F8: Notes and accrued interest in the aggregate of $108,572.10 converted automatically upon the closing of the Issuer's initial public offering into shares of Common Stock at a conversion price of $4.00, which is 80.0% of the per share price of the Common Stock sold in the Issuer's initial public offering.

F9: Notes and accrued interest in the aggregate of $2,019,445.02 converted automatically upon the closing of the Issuer's initial public offering into shares of Common Stock at a conversion price of $4.00, which is 80.0% of the per share price of the Common Stock sold in the Issuer's initial public offering.

F10: Immediately convertible into shares of the Issuer's Common Stock.

F11: These shares have no expiration date.

F12: A note with the principal amount plus accrued interest of $98,433.72 converted automatically upon the closing of the Issuer's initial public offering into shares of Common Stock at a conversion price of $4.00 which is of 80.0% of the per share price of the Common Stock sold in the Issuer's initial public offering.

F13: A note with the principal amount plus accrued interest of $1,830,866.97 converted automatically upon the closing of the Issuer's initial public offering into shares of Common Stock at a conversion price of $4.00 which is 80.0% of the per share price of the Common Stock sold in the Issuer's initial public offering.

F14: The exercise price is $3.942 per share.

F15: Immediately exercisable prior to and contingent upon the closing of the Issuer's initial public offering.

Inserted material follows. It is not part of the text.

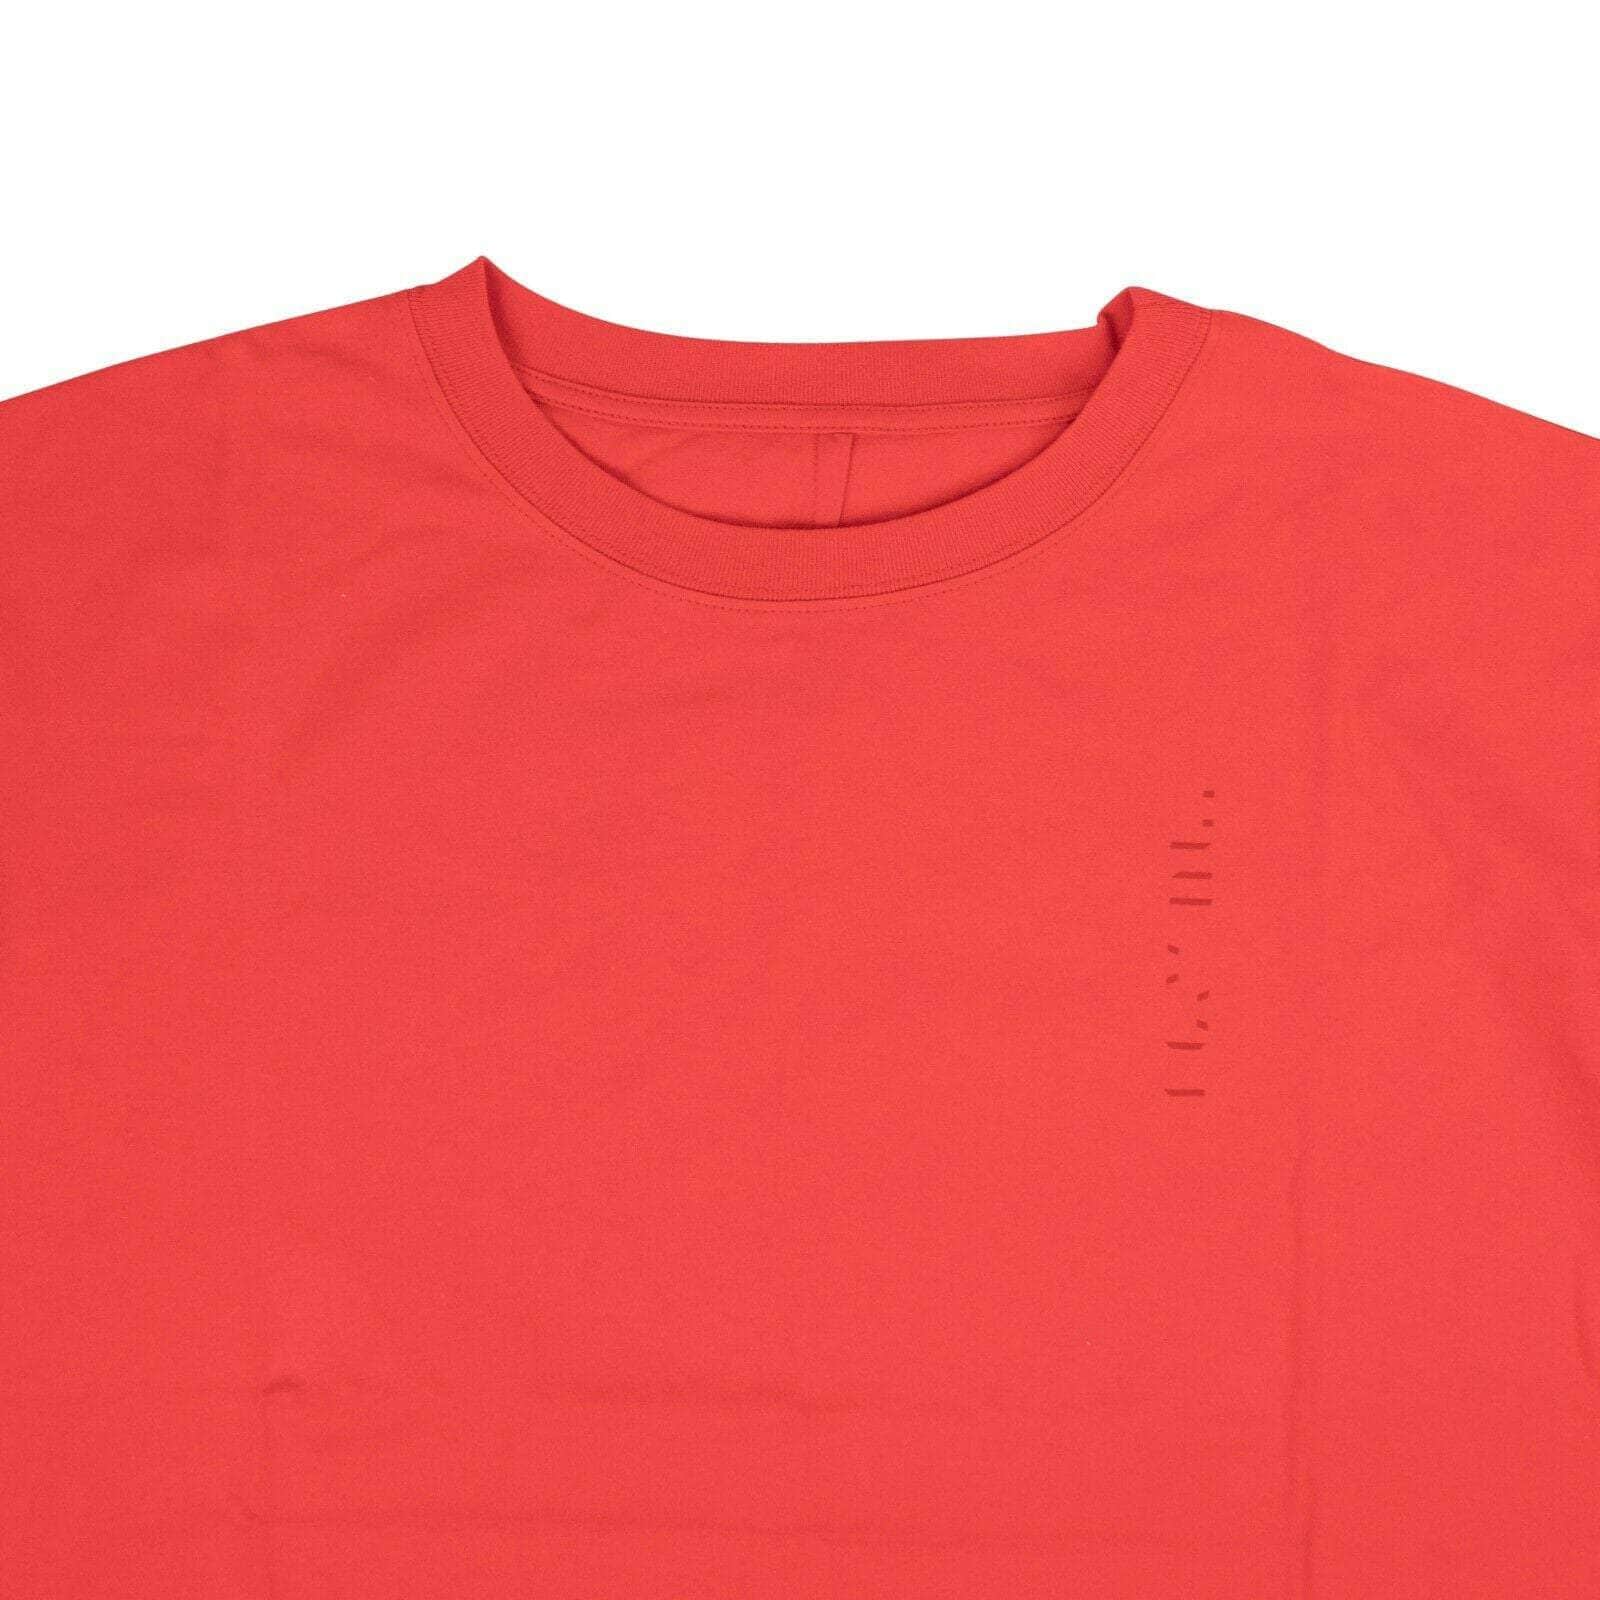 Unravel Project channelenable-all, chicmi, couponcollection, gender-mens, main-clothing S Red Drawstring T-Shirt 74NGG-UN-1004/S 74NGG-UN-1004/S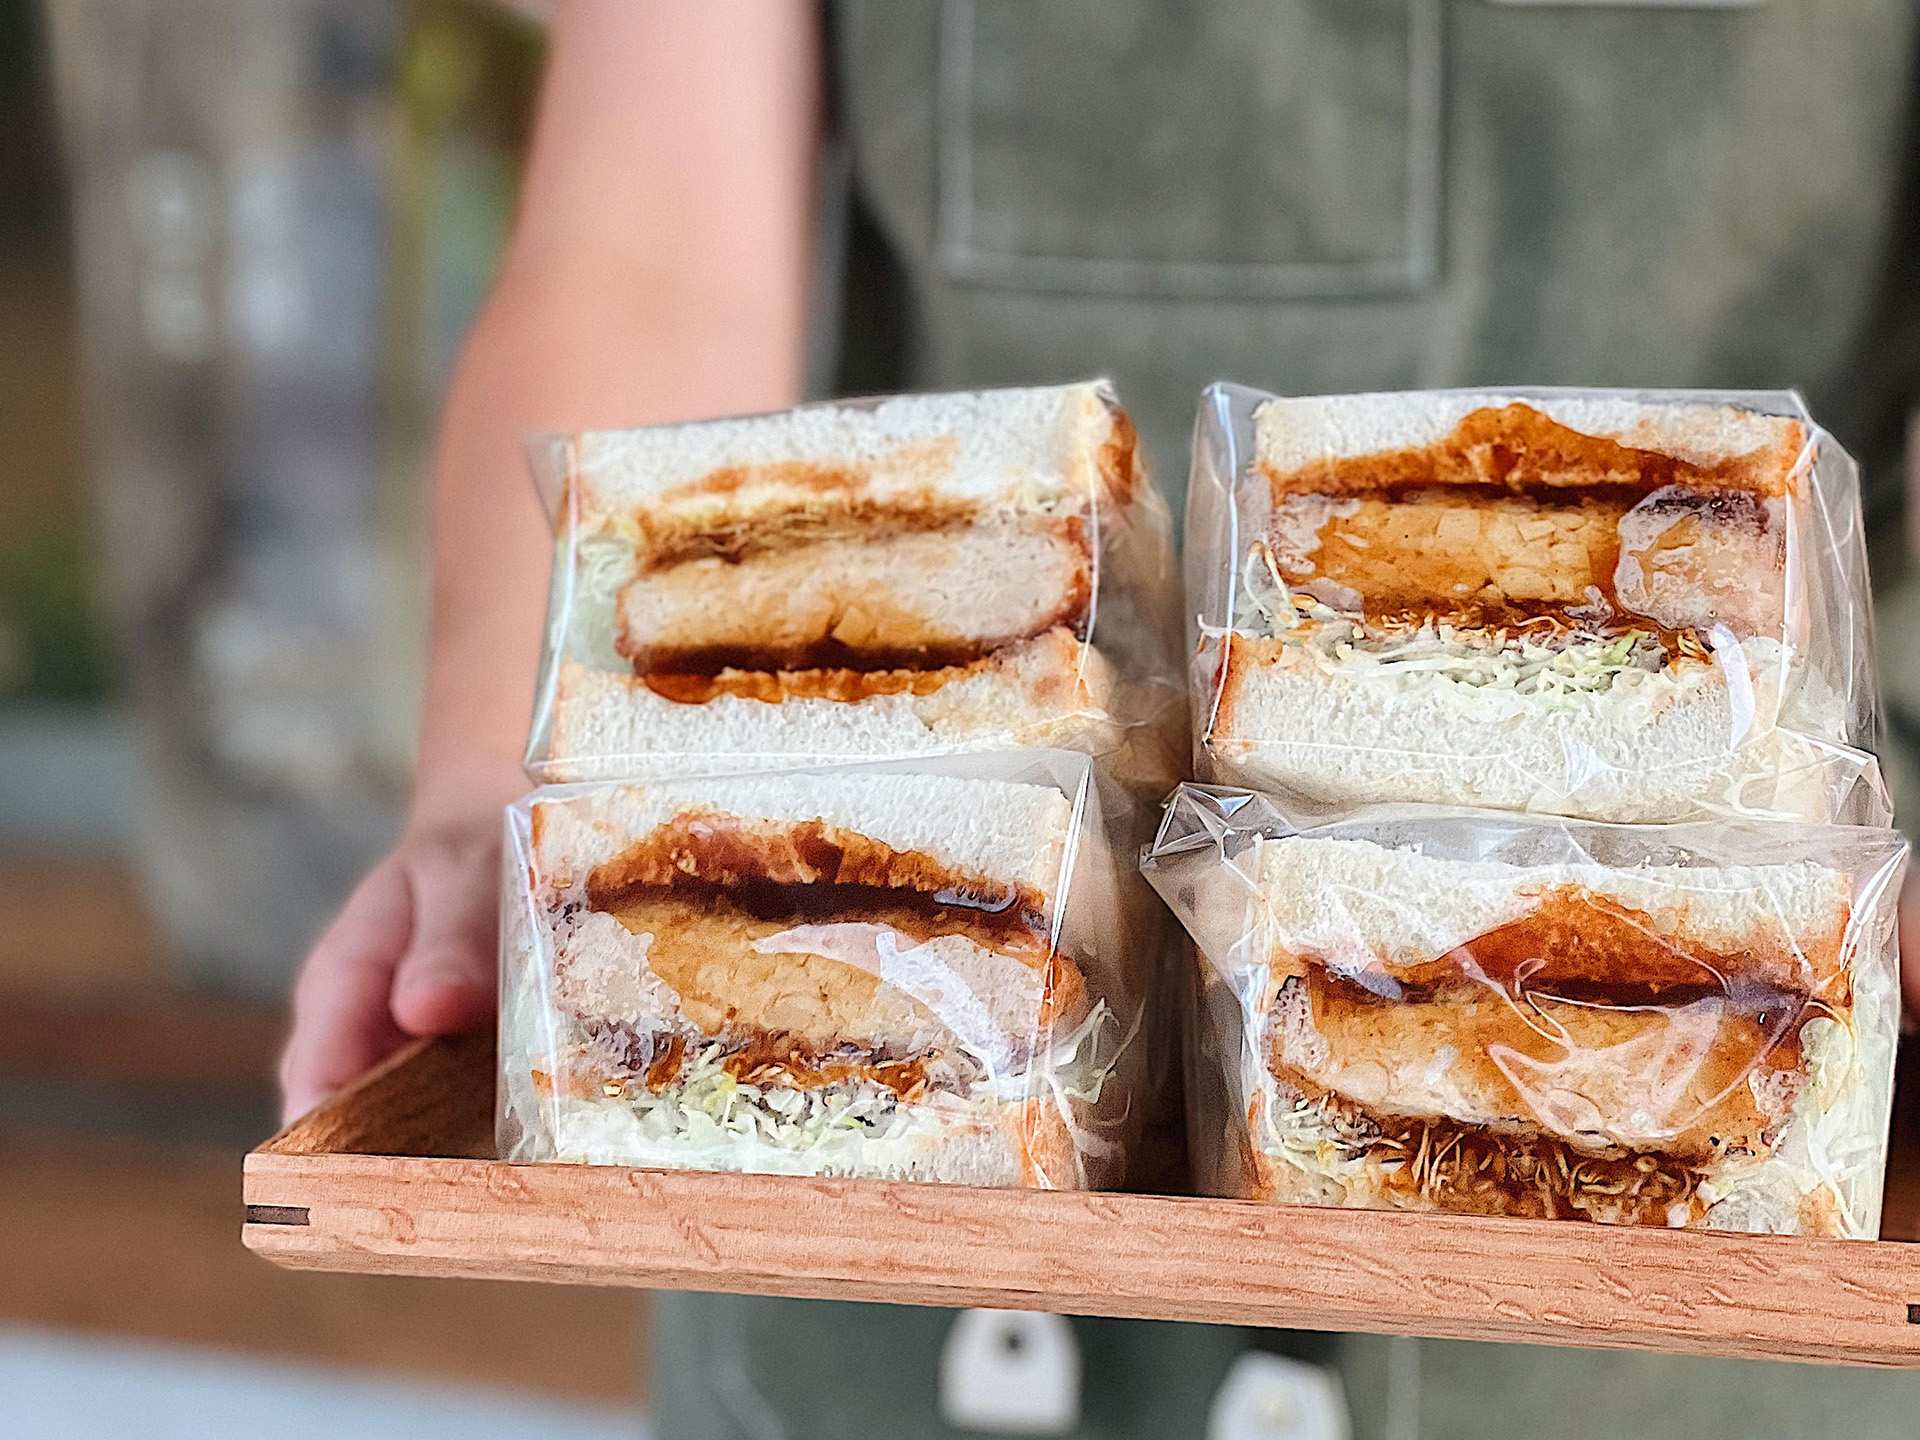 The best vegan cafes and bakeries in Toronto | Karepan sandwiches at Tsuchi Cafe

F16: Pursuant to its terms, the warrant was to be terminated at the closing of the Issuer's initial public offering. Holder elected to net exercise the warrants immediately prior to the closing of the Issuer's initial public offering. In the event the Issuer's public offering did not occur, the warrant would have terminated on September 14, 2017, unless earlier terminated in accordance with its terms, in a liquidation or change of control transaction.

F21: These shares represent the net exercise of a warrant to purchase Series C Convertible Preferred Stock for an acquisition of 1,297 shares of Series C Convertible Preferred Stock of the Issuer.

F22: These shares represent the net exercise of a warrant to purchase Series C Convertible Preferred Stock for an acquisition of 24,130 shares of Series C Convertible Preferred Stock of the Issuer.